'''

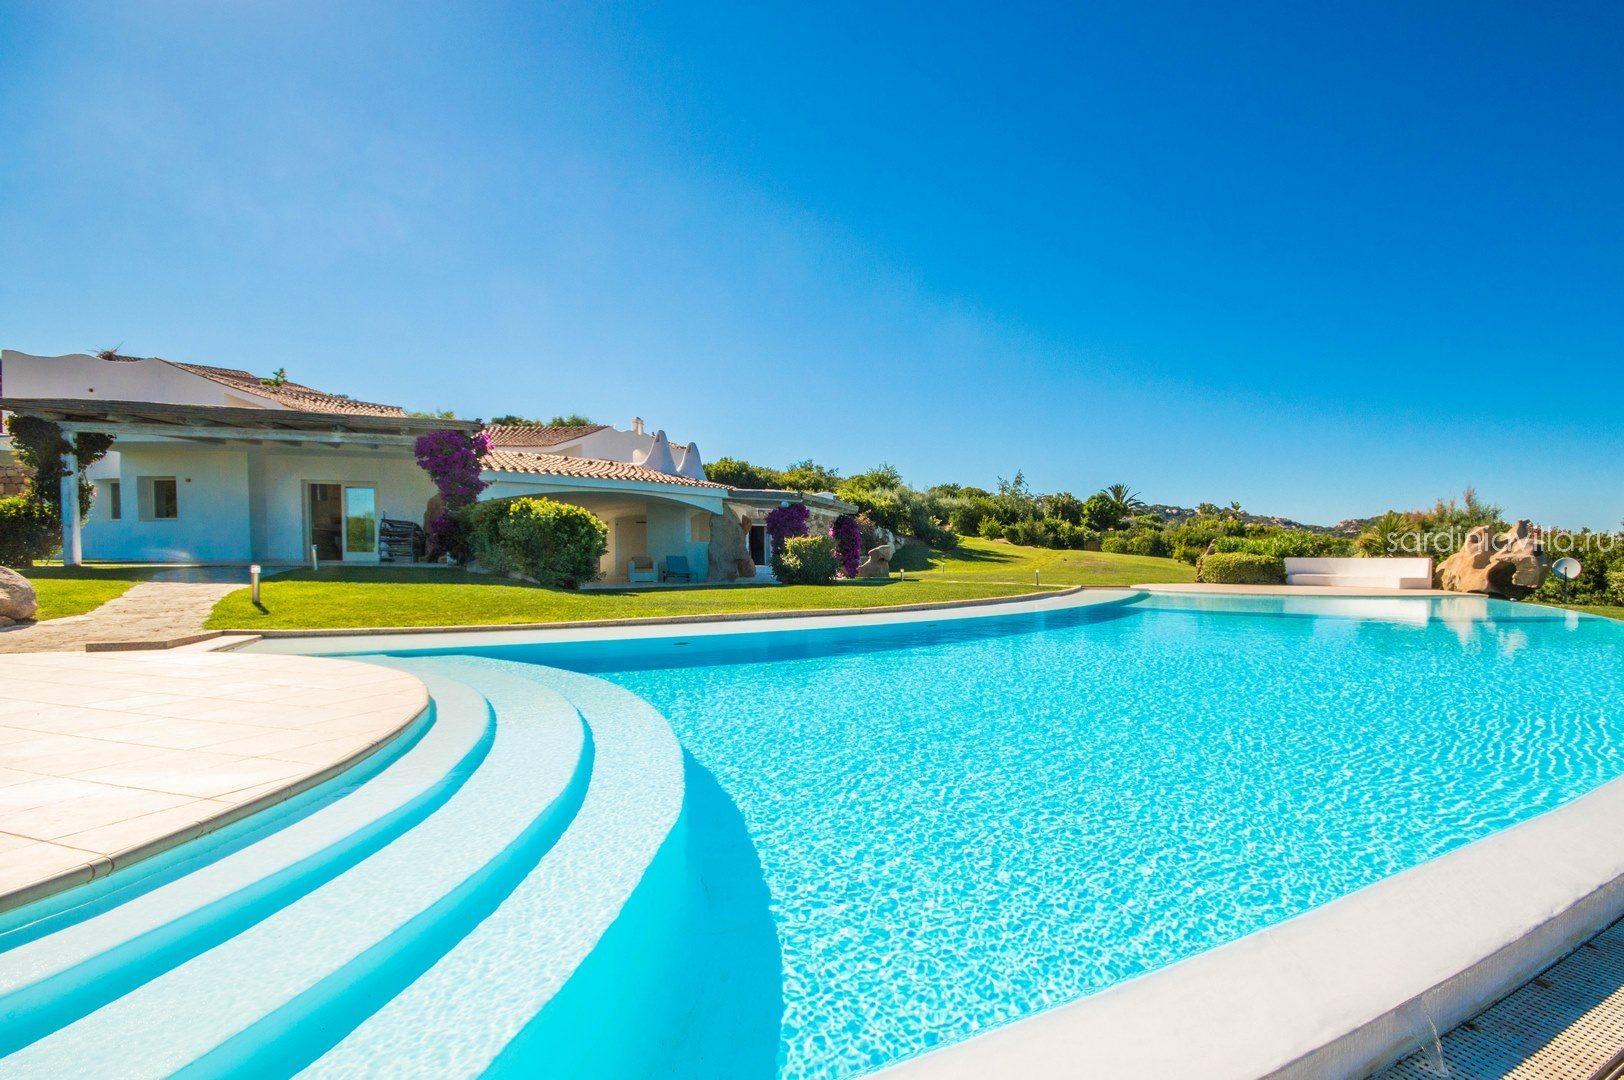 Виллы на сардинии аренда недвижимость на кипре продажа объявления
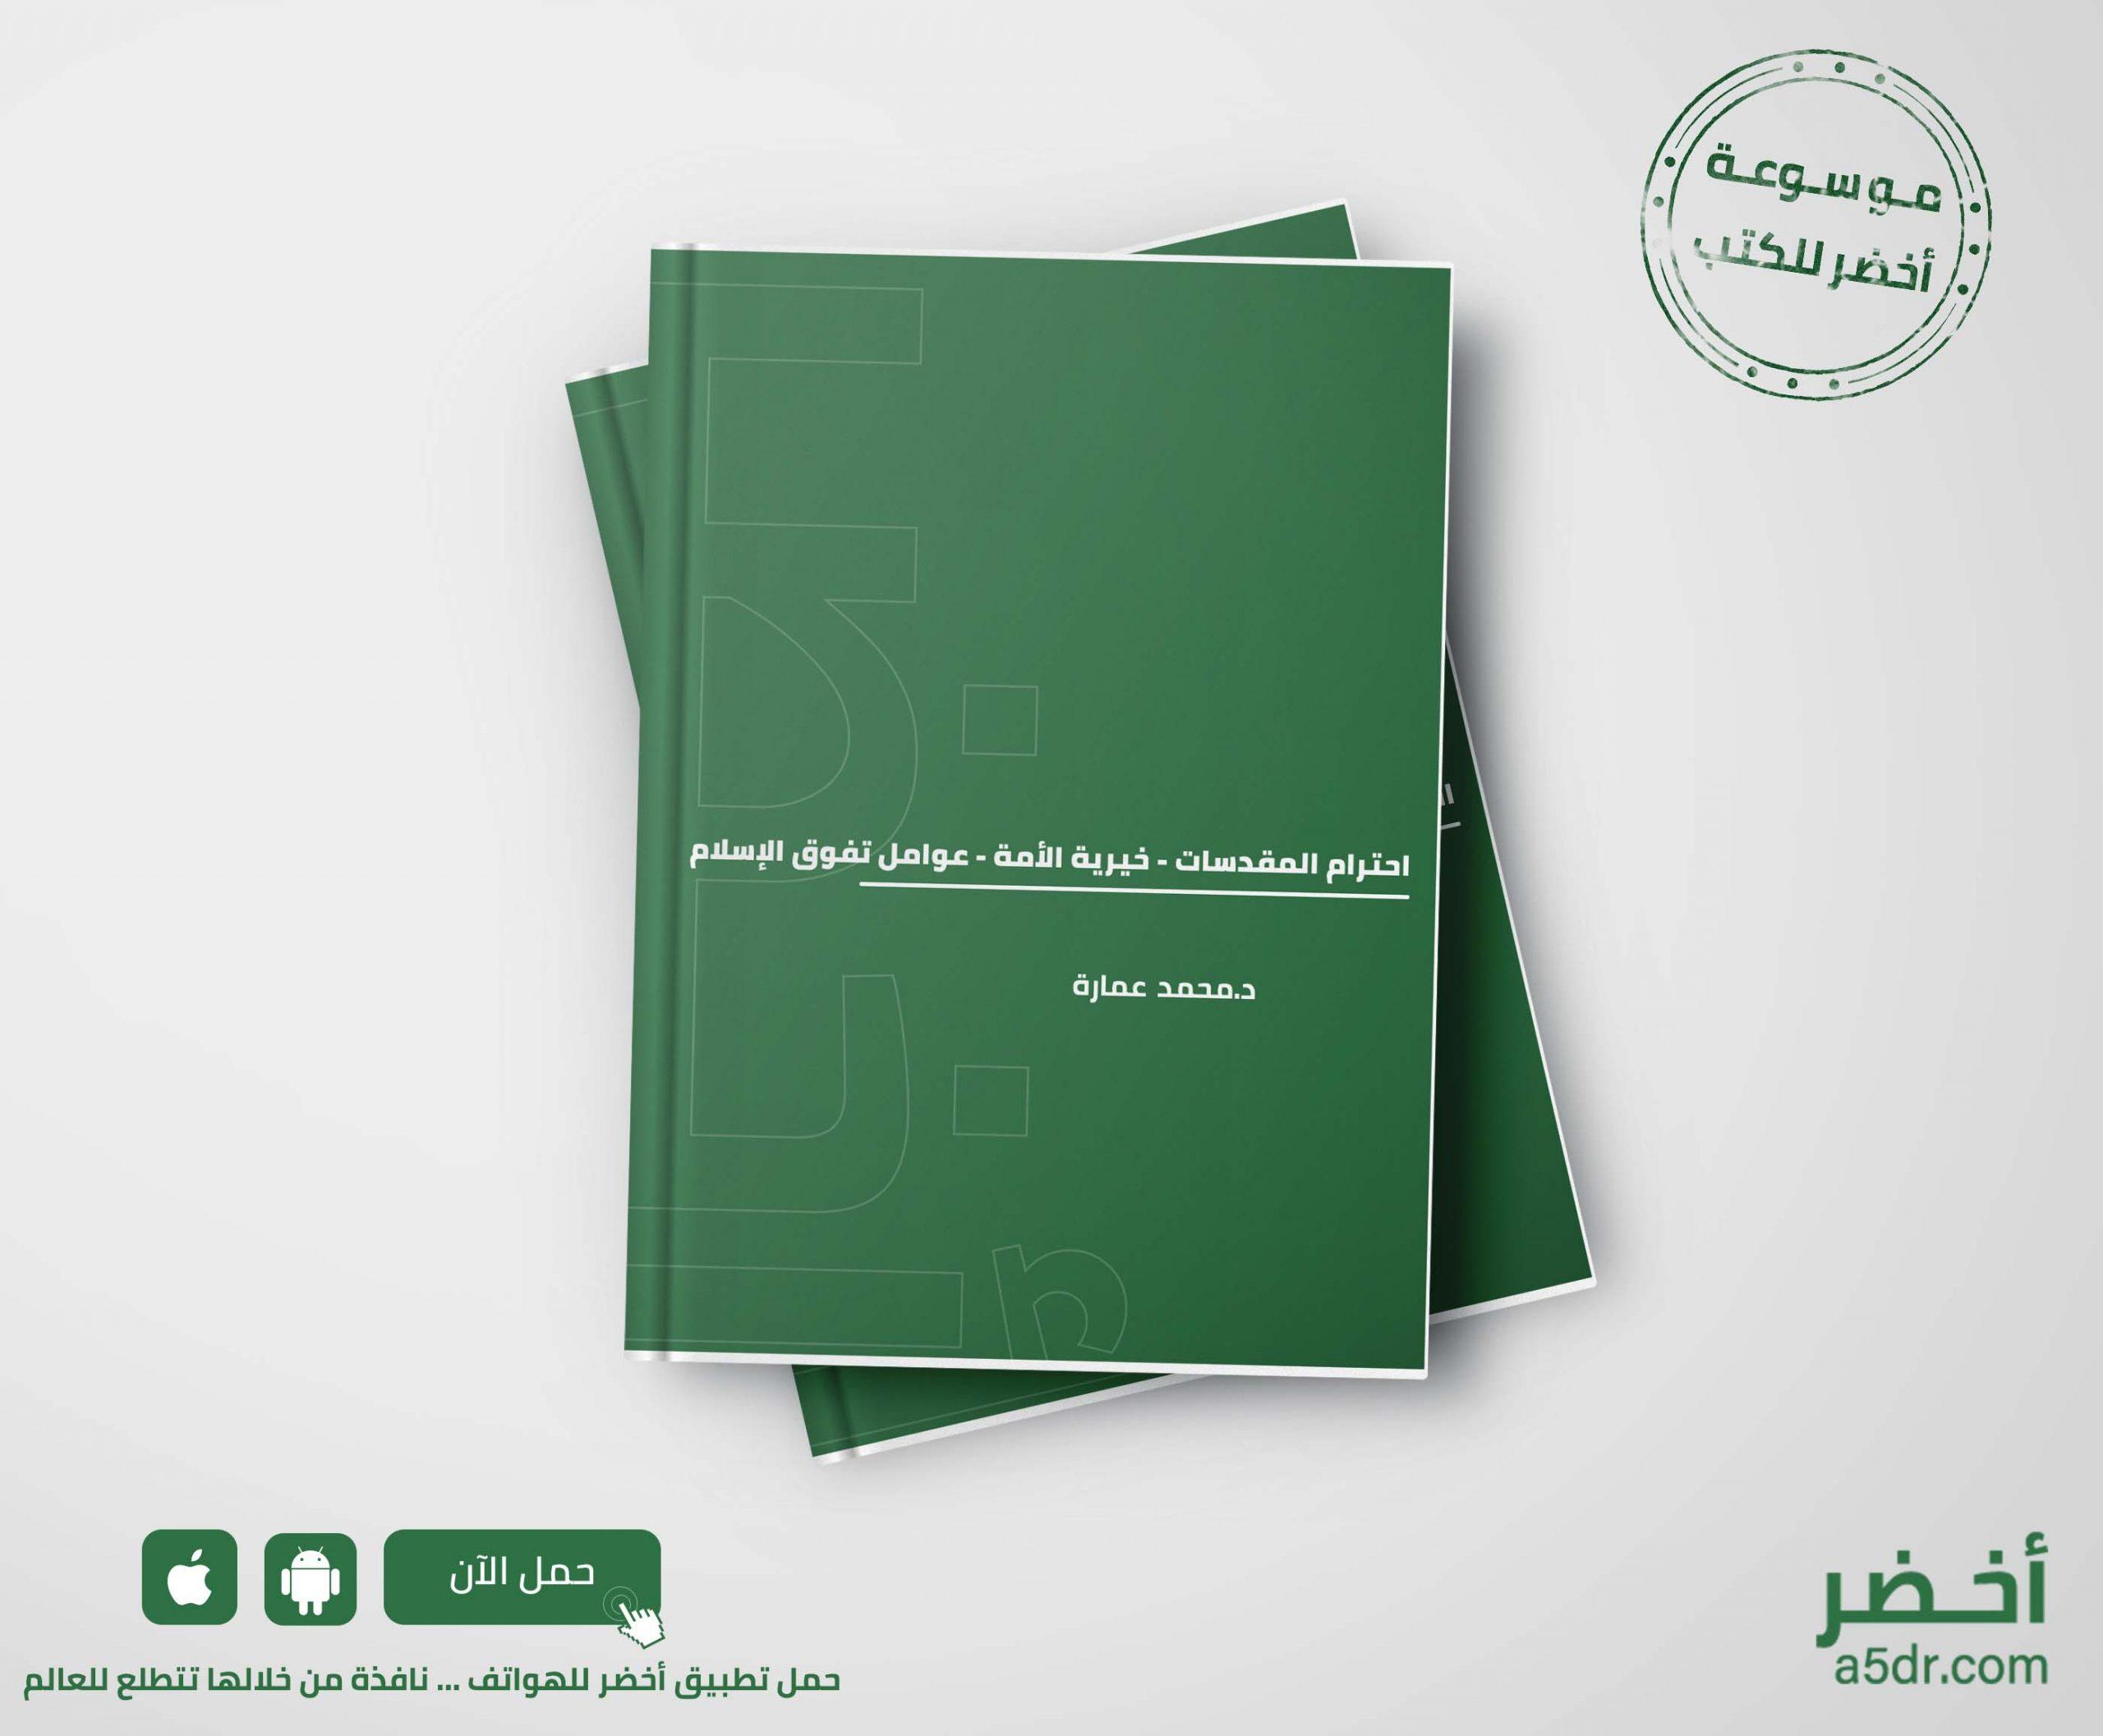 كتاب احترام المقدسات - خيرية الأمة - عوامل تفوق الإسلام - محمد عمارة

'''
'''

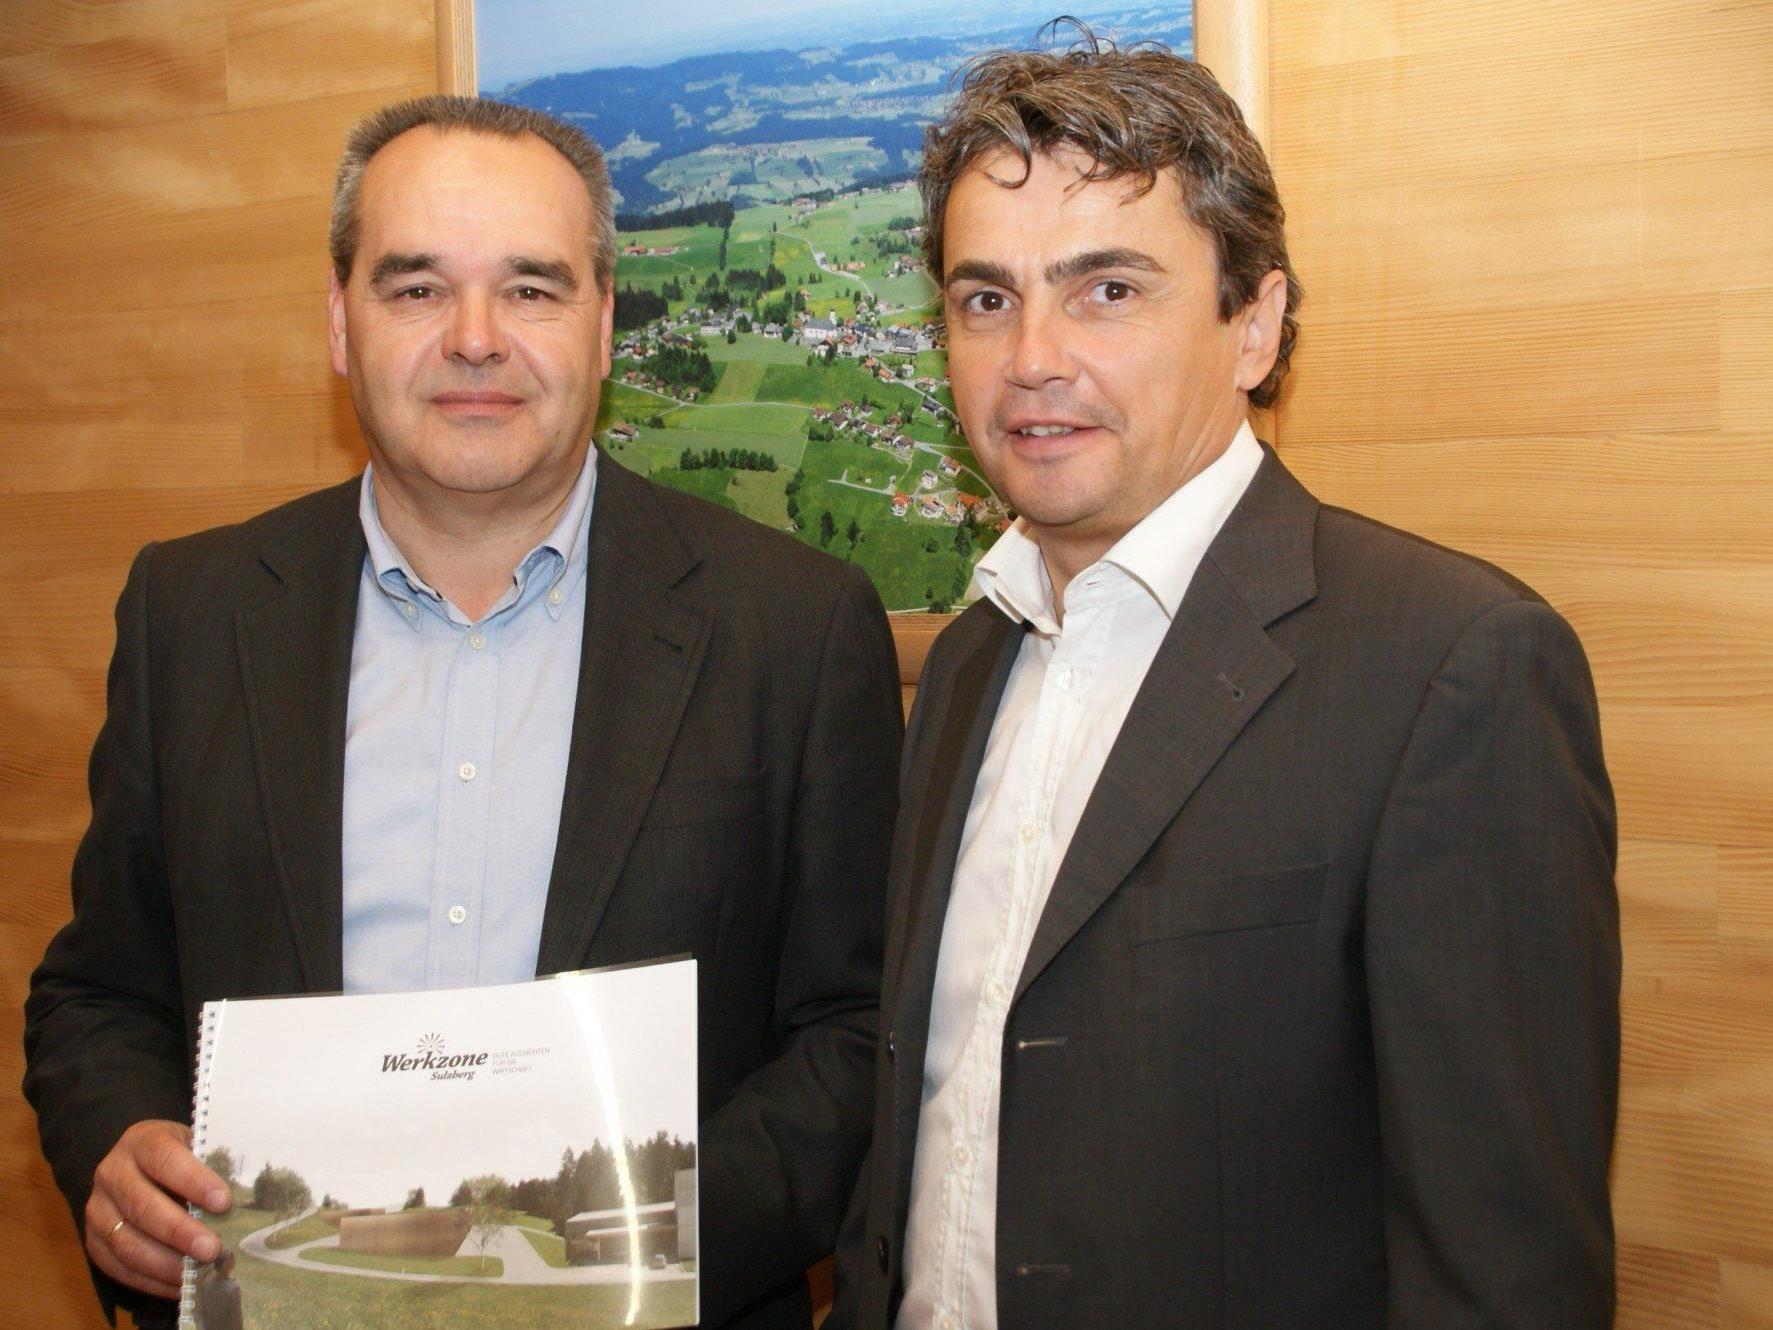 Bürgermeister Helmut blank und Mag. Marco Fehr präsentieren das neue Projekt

'''

Using the records above, print exactly the run of lines that starts with the line with "Виллы на сардинии" and goes on through the line with "كتاب احترام المقدسات", pictures excluded.

 Виллы на сардинии аренда недвижимость на кипре продажа объявления
 كتاب احترام المقدسات - خيرية الأمة - عوامل تفوق الإسلام - محمد عمارة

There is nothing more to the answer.